Google wyłącza cache, Wayback Machine offline – nie ma dostępu do internetowego archiwum

  • 11 października, 2024

11 października 2024 roku – skandal, który właśnie dotknął naszą cyfrową rzeczywistość. Po pierwsze, Google na stałe wyłącza funkcję cache. Jeśli myśleliście, że ta zmiana to już wystarczający cios dla specjalistów SEO i osób śledzących historię internetu, czeka Was jeszcze jedno zaskoczenie. Wayback Machine – największe internetowe archiwum stron – również padło ofiarą serii ataków DDoS, w wyniku których stało się tymczasowo niedostępne. Tak, dobrze czytacie. Nie mamy już dostępu ani do Google Cache, ani do Wayback Machine. Zostaliśmy odcięci od przeszłości internetu.

Google Cache: Koniec pewnej epoki

Nie ma już linku „Cache” w wynikach wyszukiwania. Google oficjalnie zakończyło wsparcie dla swojej funkcji cache, co w zasadzie wyeliminowało jeden z najprostszych sposobów dostępu do zarchiwizowanych wersji stron. Zapomnijcie o szybkim sprawdzaniu, jak strona wyglądała ostatnim razem, gdy Google ją zindeksowało.

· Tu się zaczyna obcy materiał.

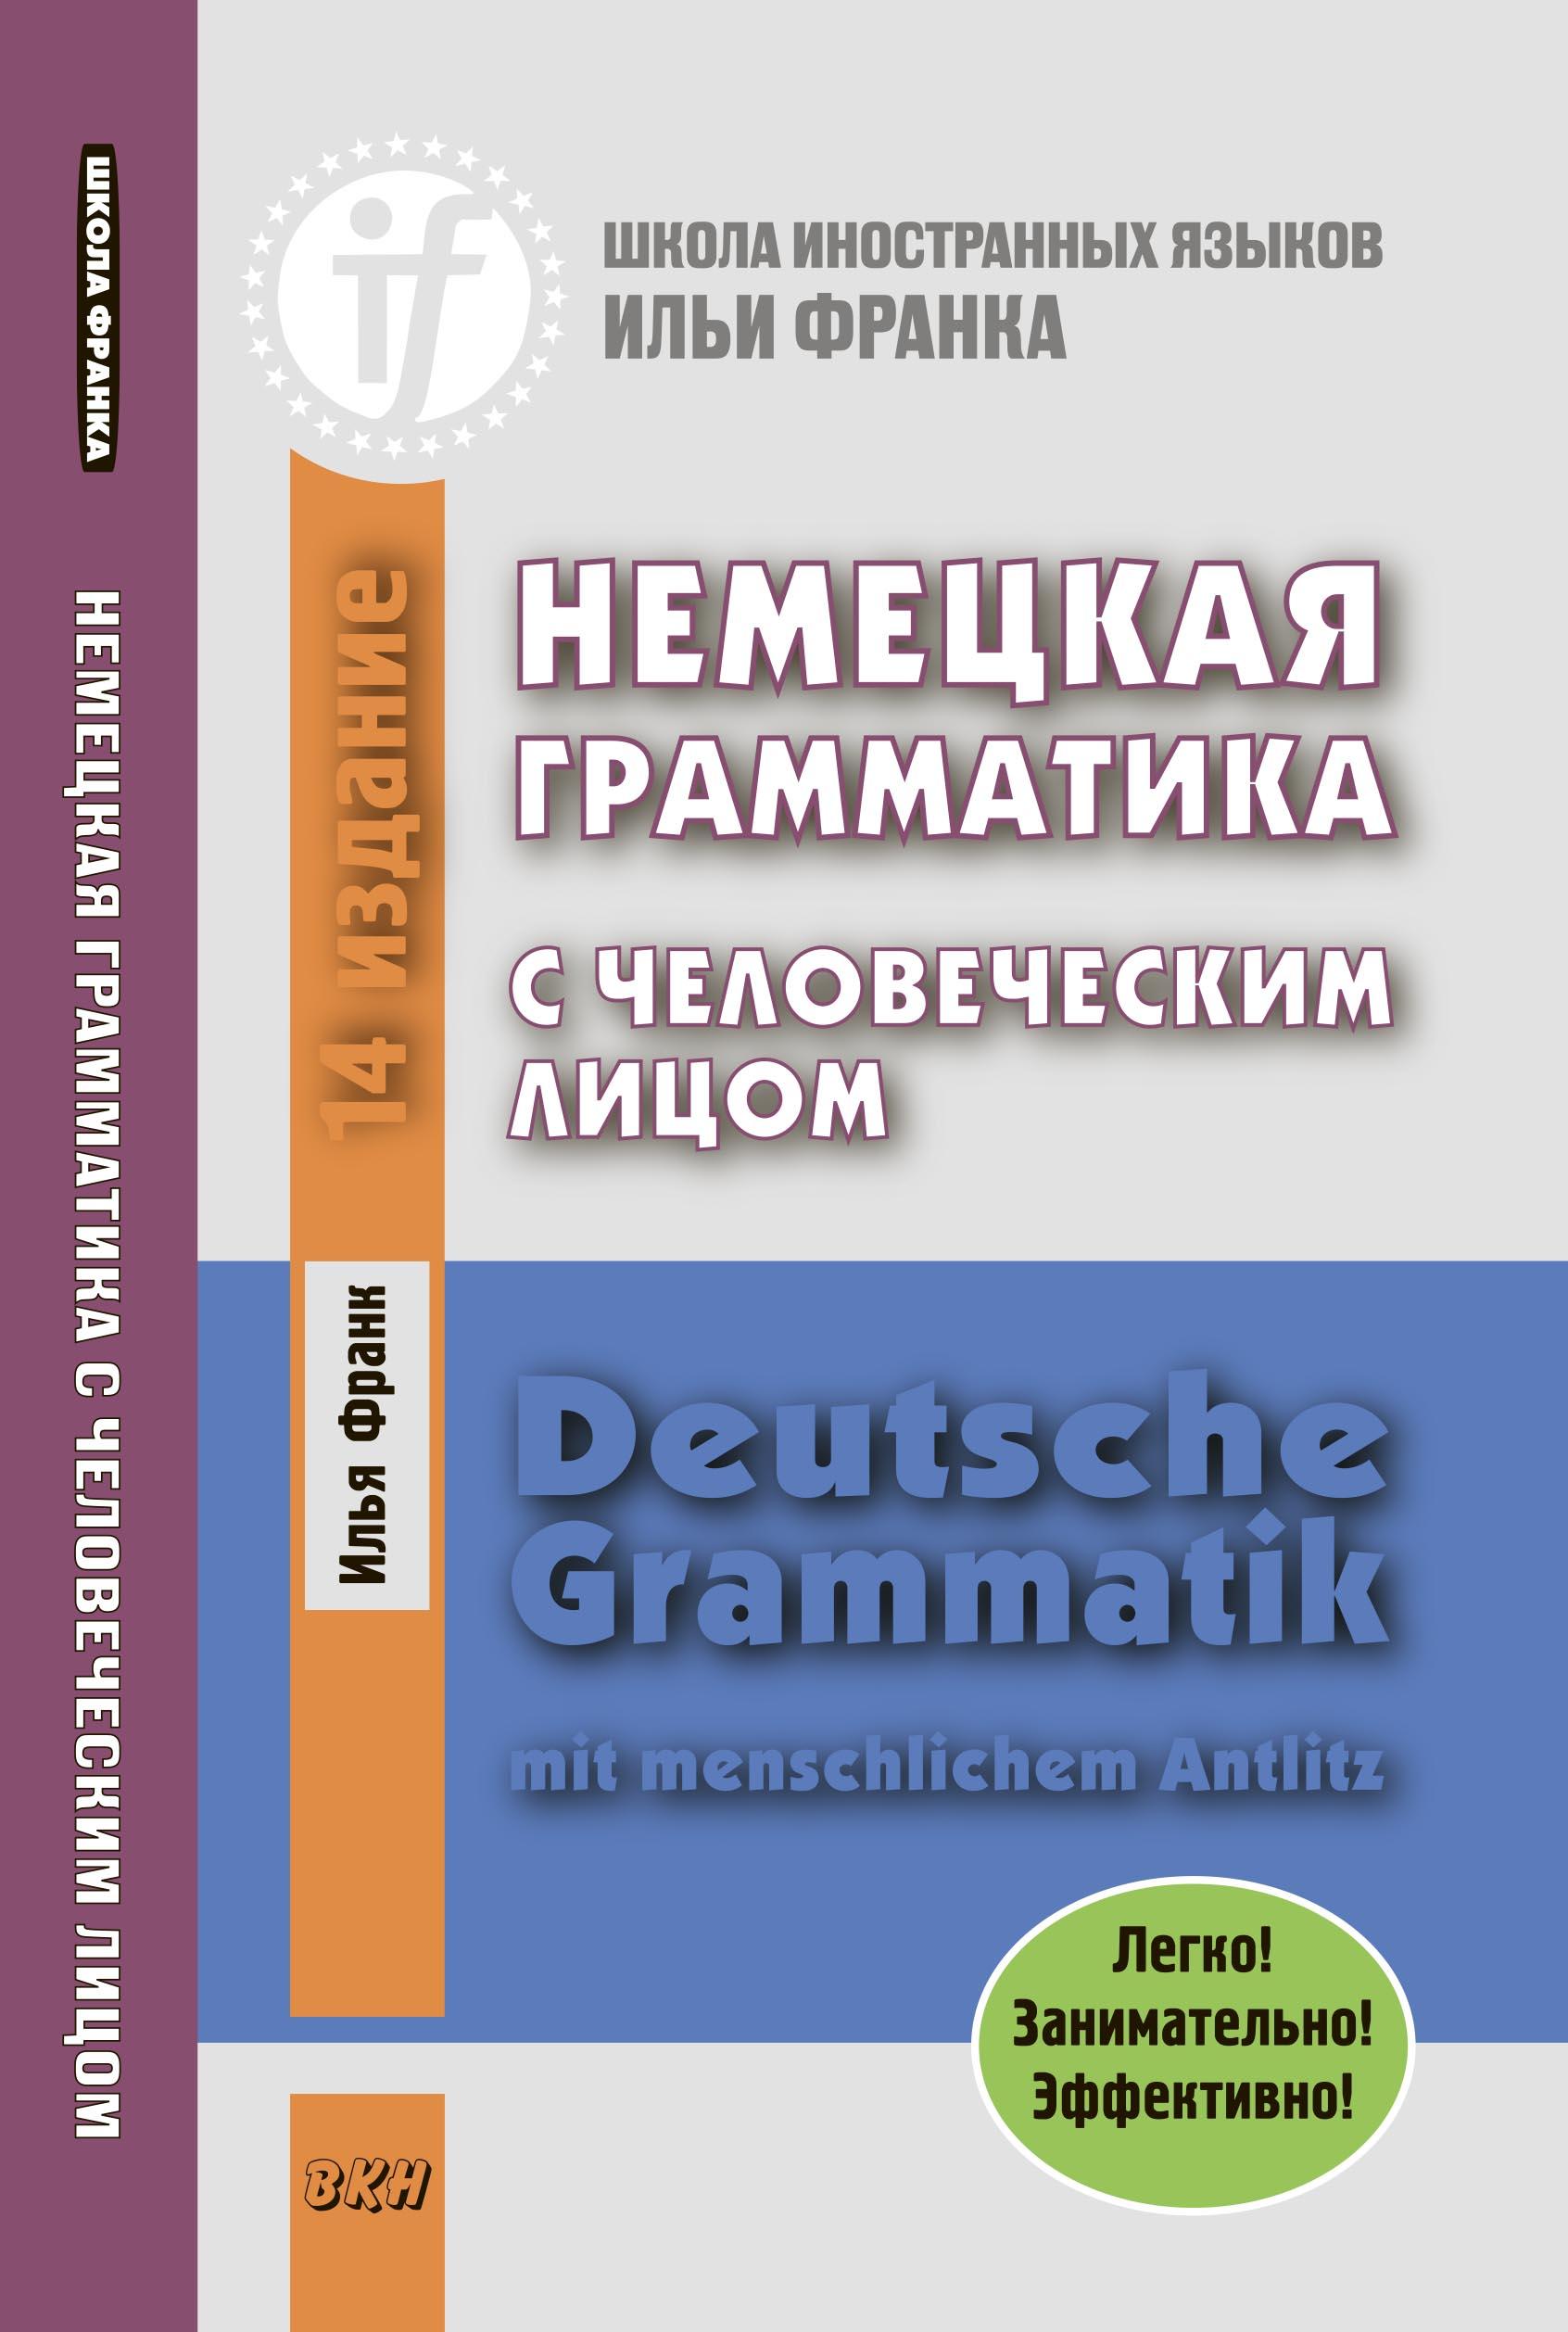 Немецкая грамматика с человеческим лицом / Deutsche Grammatik mit menschlichem Antlitz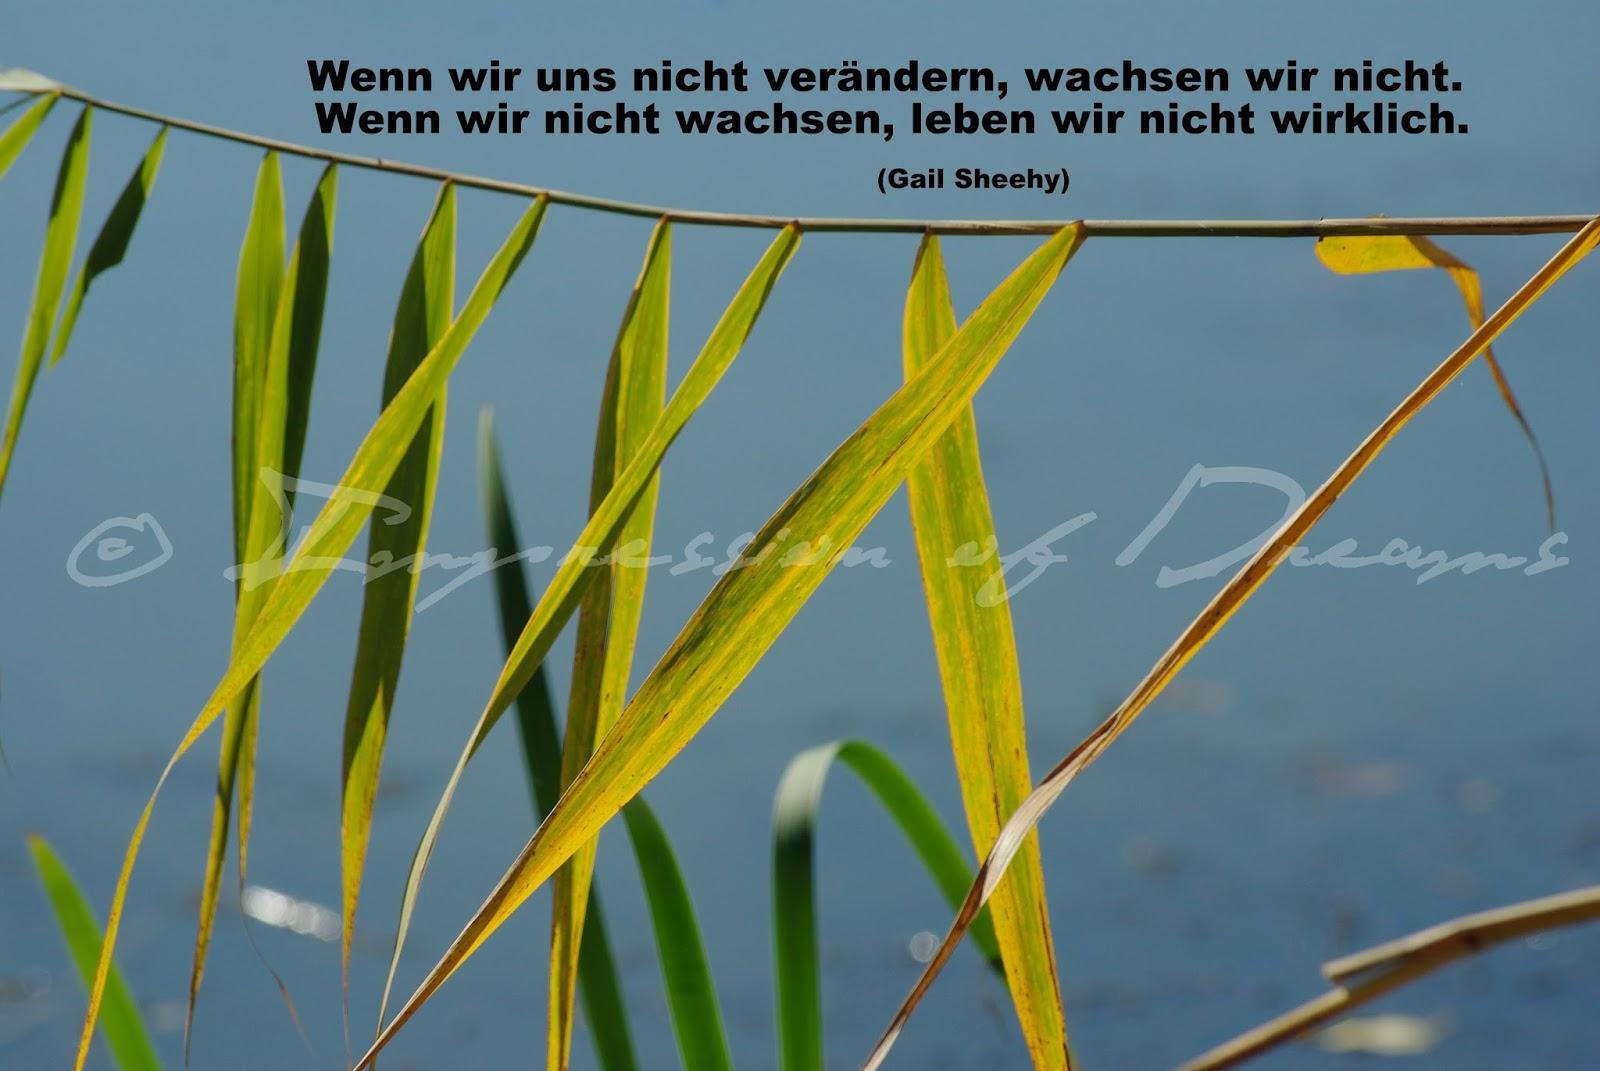 Wenn wir uns nicht verändern, wachsen wir nicht. Wenn wir nicht wachsen, leben wir nicht wirklich.

Wygląda na to, że teraz, jeśli strona padnie lub zostanie usunięta, nie mamy do niej żadnej furtki.

Do tej pory operator „cache:” w wyszukiwarce Google pozwalał na łatwy wgląd w ostatnią wersję strony, którą zobaczył Googlebot. Ale już go nie ma. Zniknął, bez fanfar, bez szansy na pożegnanie.

Alternatywa? Google nie zostawiło nas zupełnie bez opcji. W zamian sugeruje użycie… Wayback Machine. Ironia losu? Jakby na to nie patrzeć, propozycja współpracy z Wayback Machine jest całkiem sensowna, zwłaszcza że to narzędzie od lat zbiera archiwalne wersje stron z całego internetu. Problem w tym, że Google, owszem, umożliwia teraz dotarcie do tych zasobów, ale w sposób znacznie bardziej skomplikowany.

Wayback Machine offline: Atak DDoS zatrzymuje archiwum

Ale właśnie, tu pojawia się poważniejszy problem. Wayback Machine – też padł. W wyniku serii ataków DDoS, serwery Internet Archive zostały przeciążone, a dostęp do całego archiwum stron internetowych został wyłączony. Jakby tego było mało, atakujący naruszyli bezpieczeństwo serwisu, co zmusiło operatorów Wayback Machine do wyłączenia usług i skorzystania z trybu awaryjnego.

Tak więc, nawet jeśli Google skierował nas w stronę Wayback Machine, dzisiaj – nie mamy dostępu do niczego. I to jest skandal. Zostaliśmy odcięci od archiwów, od zarchiwizowanych wersji stron, od przeszłości internetu, na której bazuje tak wiele naszych działań. W jednej chwili straciliśmy dwie kluczowe funkcje, które były nieodłącznym elementem zarządzania treścią online, śledzenia zmian na stronach, a nawet ratowania danych po ich utracie.

Co to oznacza dla nas?

Dla specjalistów SEO, marketerów i analityków, brak dostępu do cache Google to jak odcięcie ręki. A teraz, dodatkowo, brak Wayback Machine to utrata drugiej. Nie możemy już tak łatwo analizować konkurencji, śledzić zmian w treściach ani sprawdzać historii stron. W pewnym sensie, zostaliśmy pozbawieni narzędzi, które przez lata były podstawą naszej pracy.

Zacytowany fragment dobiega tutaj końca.